Limitations & Future Work

  • Epiplexity is a very recent concept (Finzi et al., 2026) not yet widely validated, and prequential coding carries significant computational overhead for large models.
  • The three designs are currently easier to close-loop in easy-to-verify domains (code, math); measuring and training the inverse gap in hard-to-verify domains (open QA, medical) remains an open problem.
  • Experiments are small-scale diagnostic tests; the lack of a "monotonically increasing" counter-proof after applying all three designs is a gap typical of position papers.
  • Learnable information is a macro metric and may not correlate perfectly with downstream accuracy—it is possible to learn structures intrinsic to data but irrelevant to the task.
  • The bottleneck for Proactive Information Seeking is "knowing what you don't know," which is itself an open research question (Yin et al., 2023).
  • vs Self-Training (STaR / ReST / Rejection-Sampling): These rely on fixed verifiers; this paper points out they saturate after initial distributions are exhausted due to "lack of Information Seeking."
  • vs Solver-Verifier Co-evolution (Self-Rewarding / SPIN / URPO / Cooper): They lack strong-to-weak synchronization to ensure Verifiers keep up with Solvers, and task distributions do not expand—"lack of Asymmetric Co-evolution's reverse loop."
  • vs Proposer-Solver Self-Play (Absolute Zero / R-Zero / Dr.
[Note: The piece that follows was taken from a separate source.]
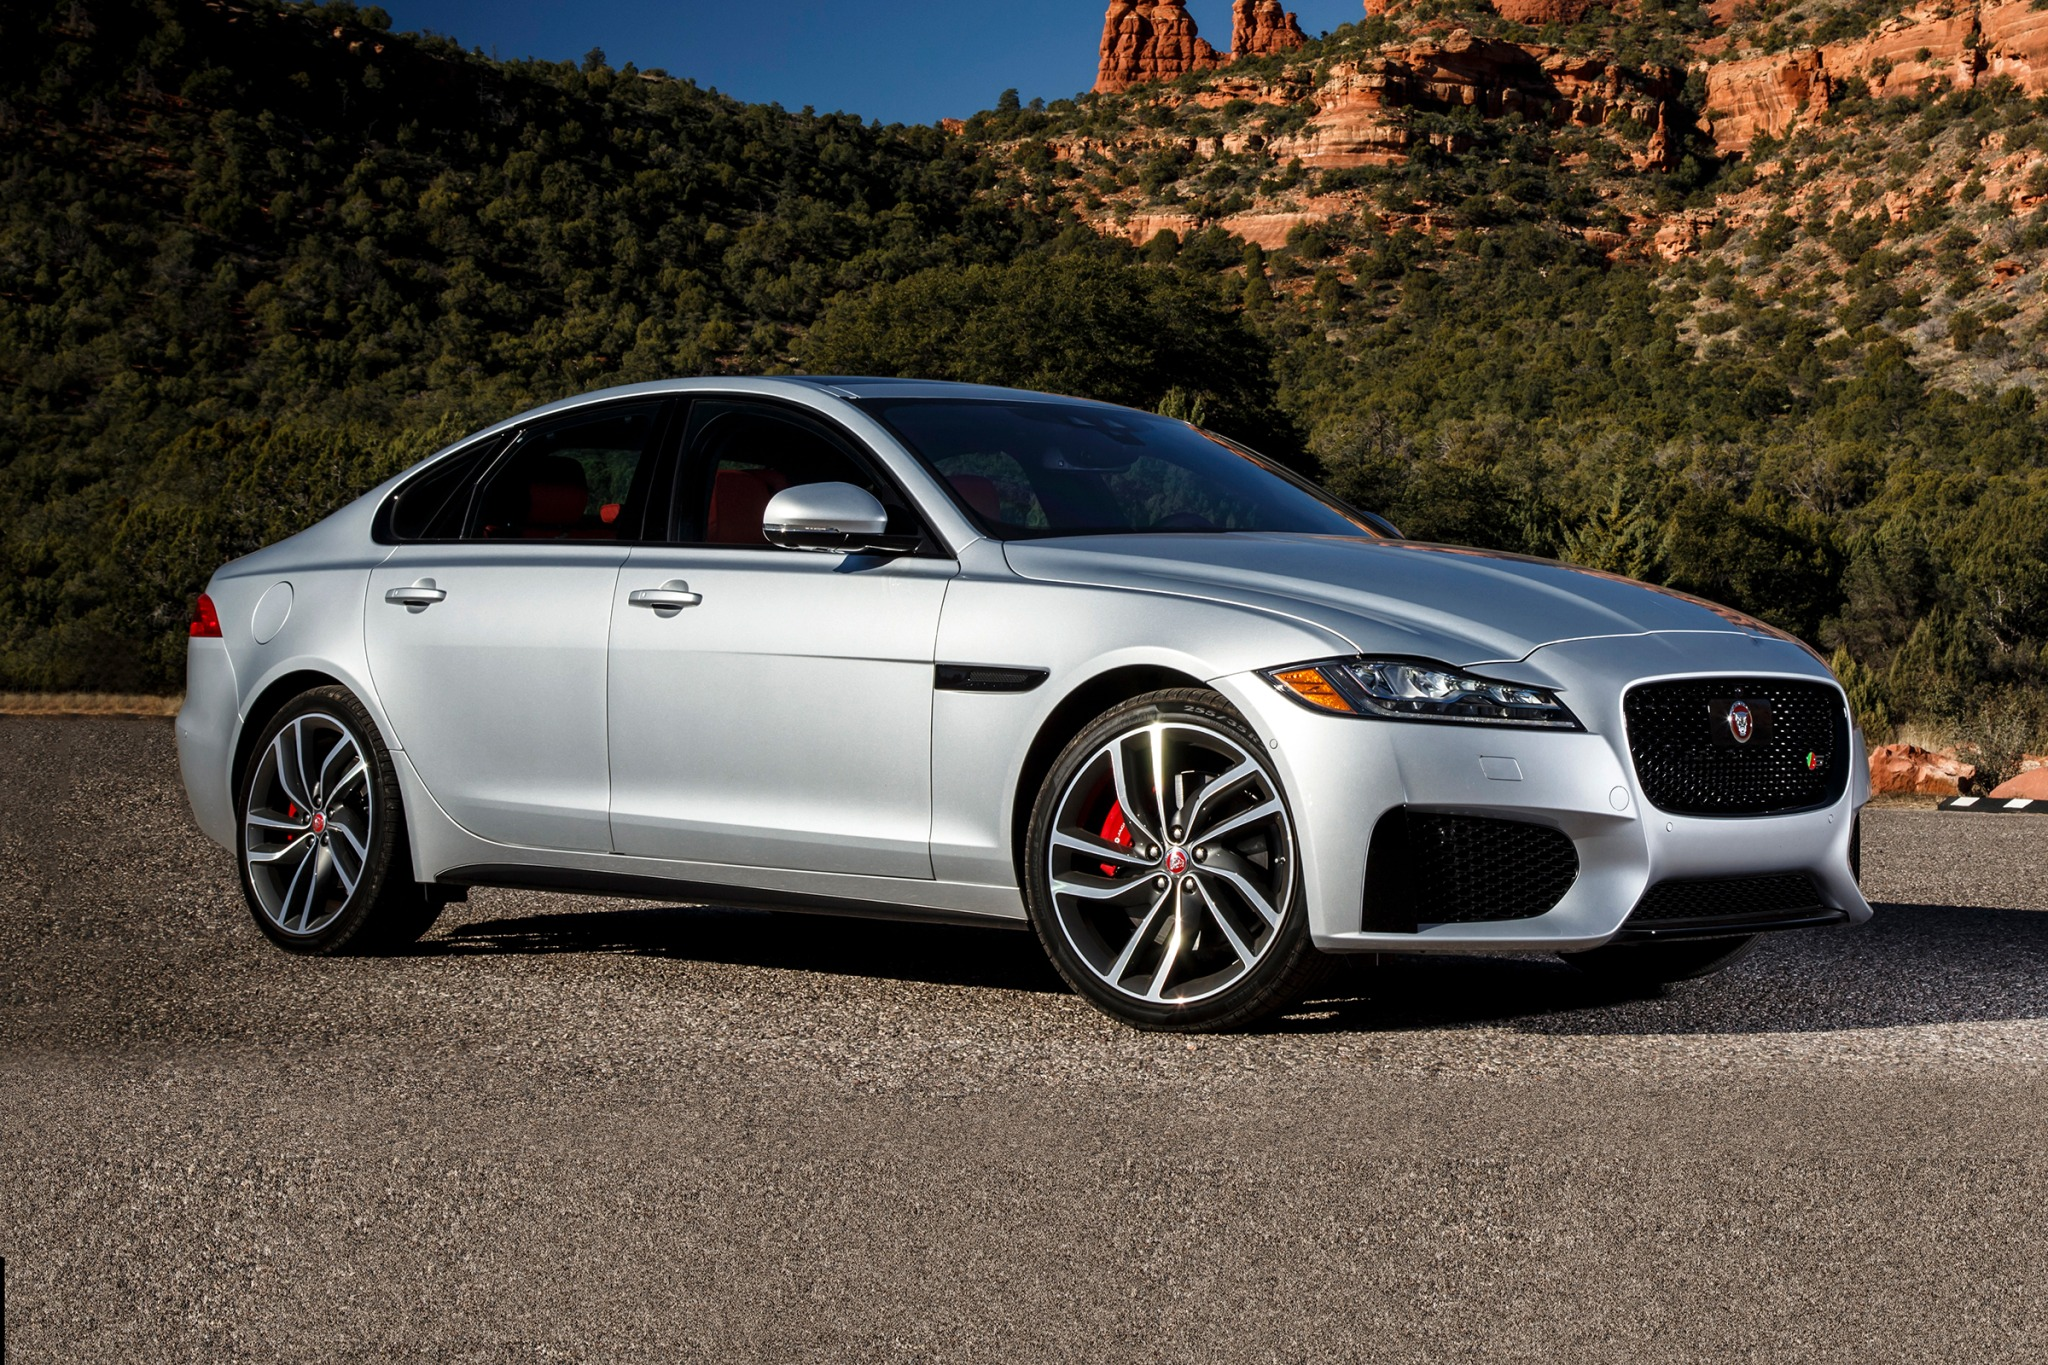 2016 jaguar xf sedan s fq oem 1 2048
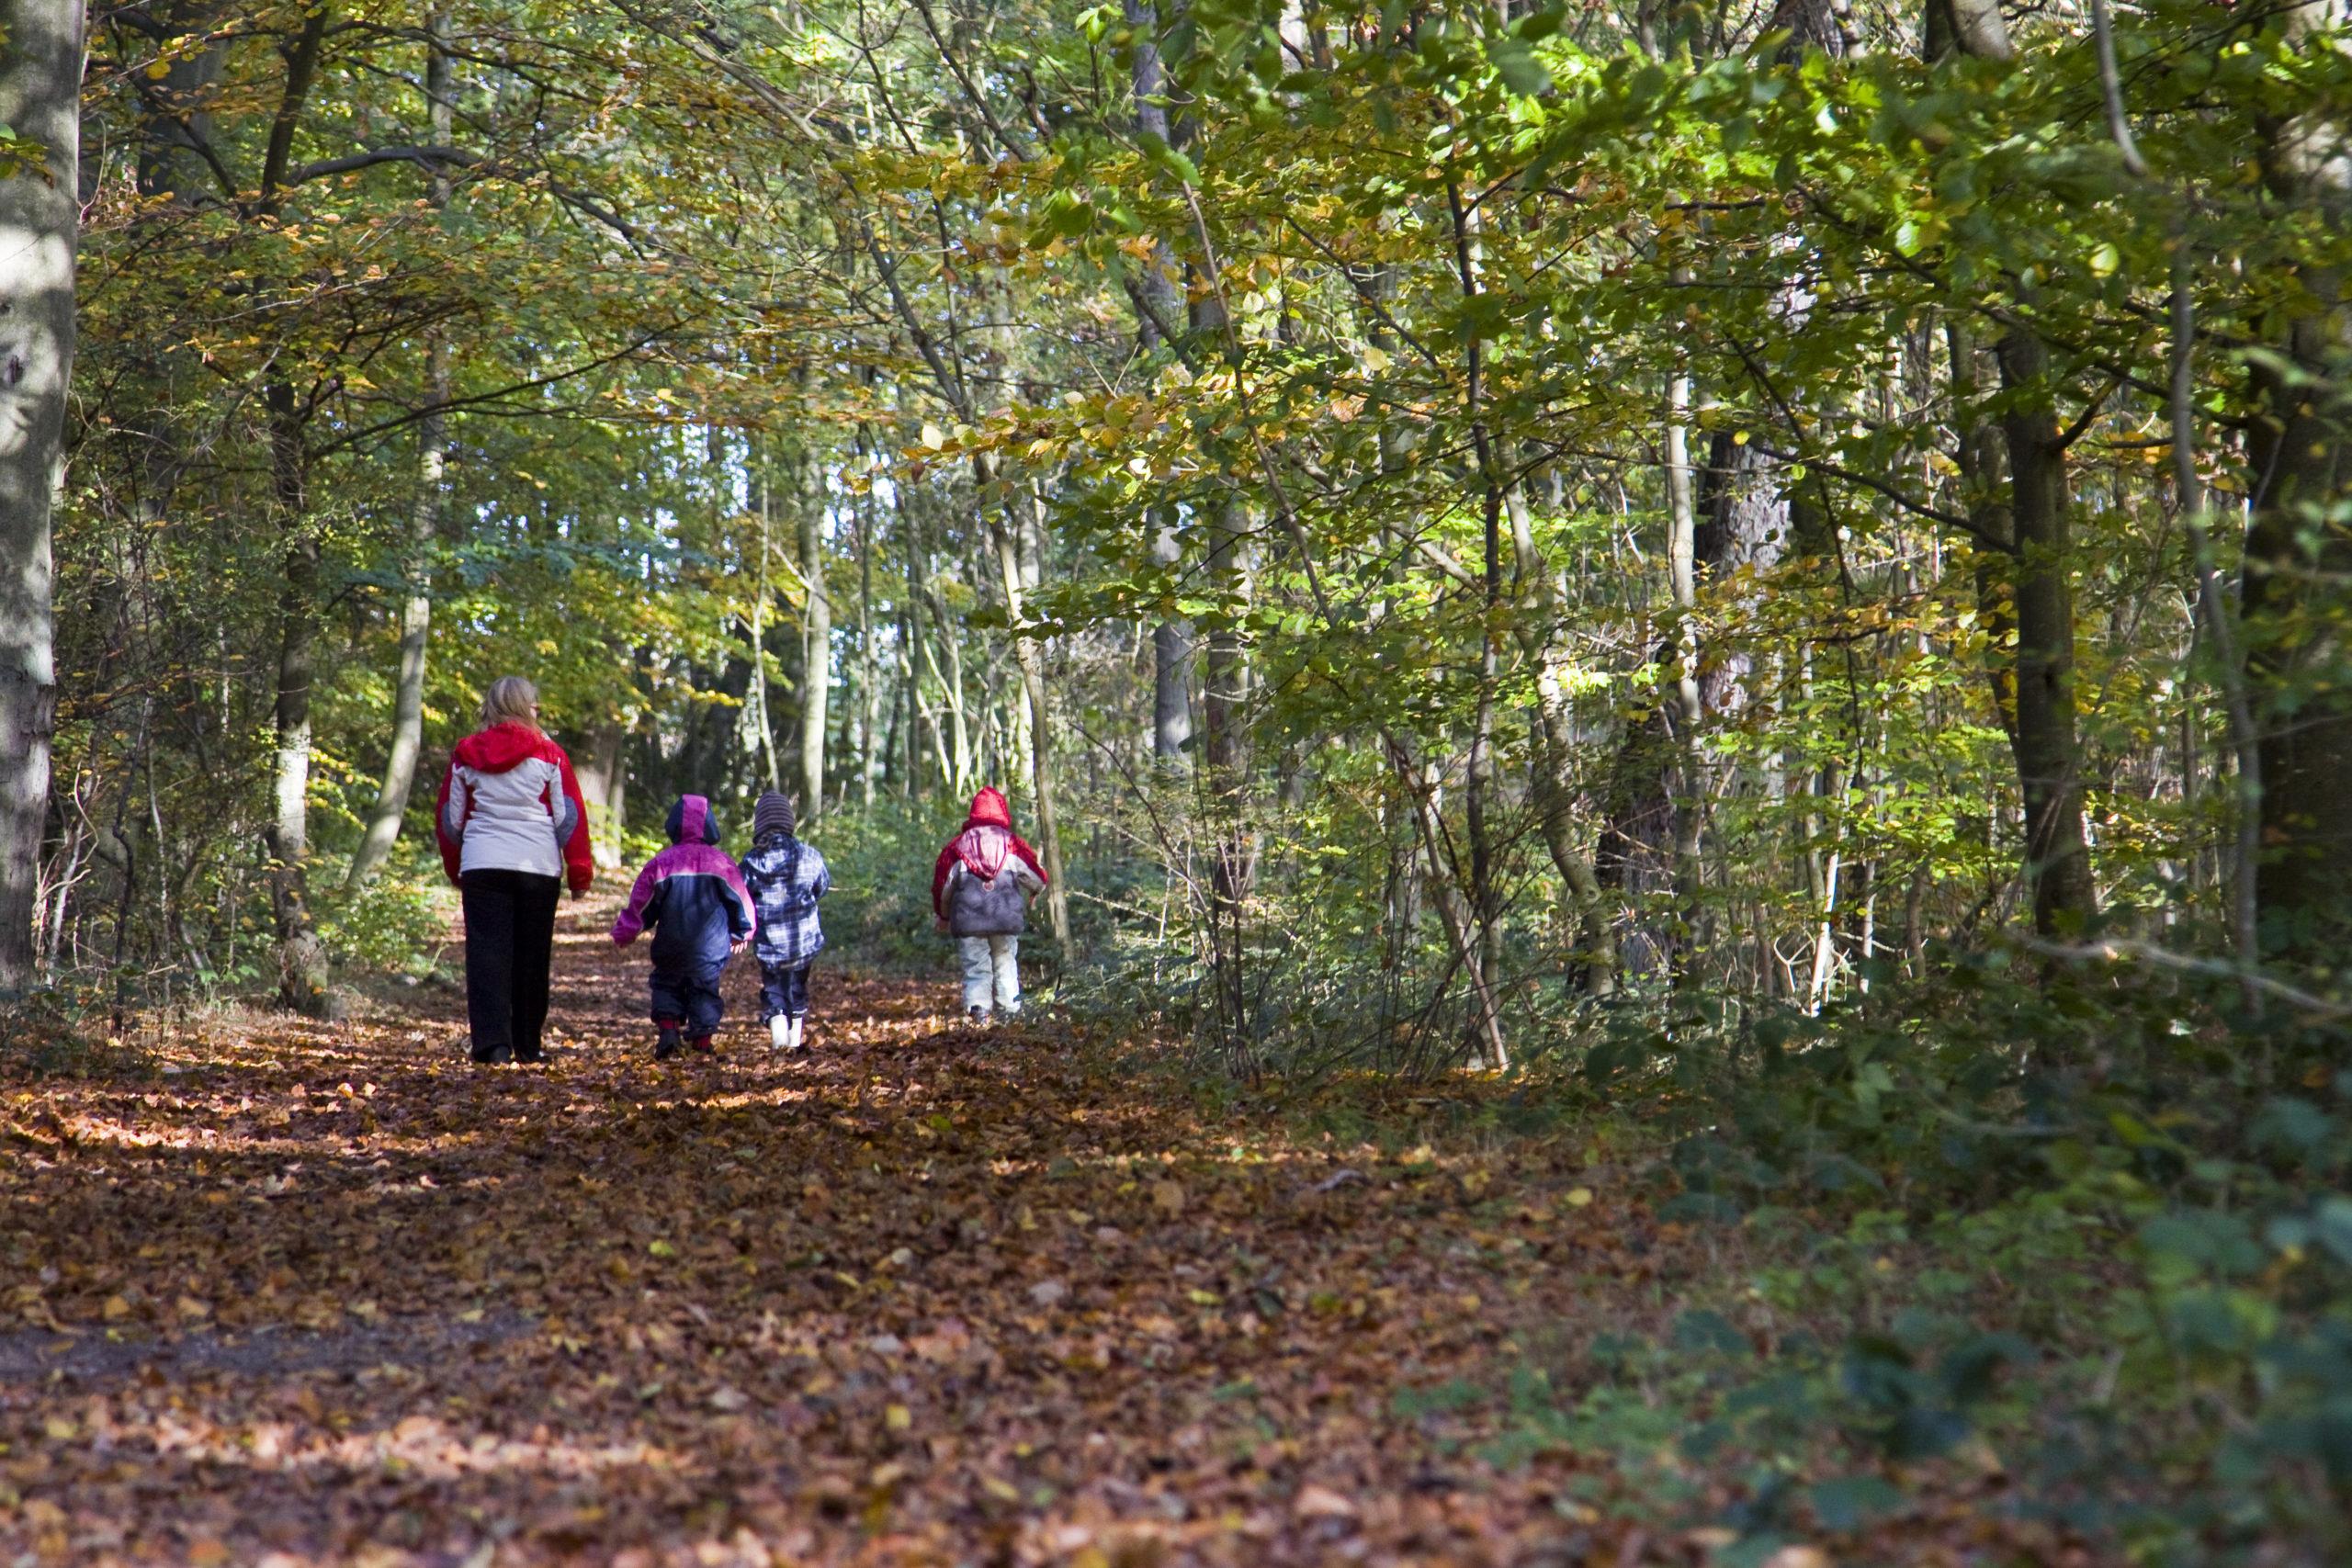 Children in a forest

Zero / Self-Questioning): Their collapse is attributed to "Proposers drifting toward trivial/unsolvable" and the omission of Verifier synchronization—"Asymmetry not forming a ladder."
  • vs Triadic Loops (SPELL / SPICE / Socratic-Zero / GenEnv): Closest to this framework but still report plateaus; this paper provides the missing unified criterion: epiplexity.
  • vs Curriculum / Co-evolution / "Scaling is All You Need": The authors argue these are necessary but insufficient without the explicit constraint of learnable information.

Rating

  • Novelty: ⭐⭐⭐⭐⭐ Attributing self-play collapse to the lack of "learnable information" and formalizing it with epiplexity is a first for self-evolving LLM design criteria.
  • Experimental Thoroughness: ⭐⭐⭐ Includes only two small-scale diagnostic experiments; the lack of positive verification for the three designs is a notable but expected gap for a position paper.
  • Writing Quality: ⭐⭐⭐⭐⭐ Extremely clear structure (Framework → Metric → Principles → Failure Modes → Mapping). The consistent template (Design/Perspective/Gaps/Practice) makes it highly actionable for engineering.
  • Value: ⭐⭐⭐⭐⭐ Provides a unified diagnostic vocabulary and design principles for the self-evolving LLM and agentic RL community. This paper will likely be a frequent reference for its three principles and epiplexity monitoring paradigm.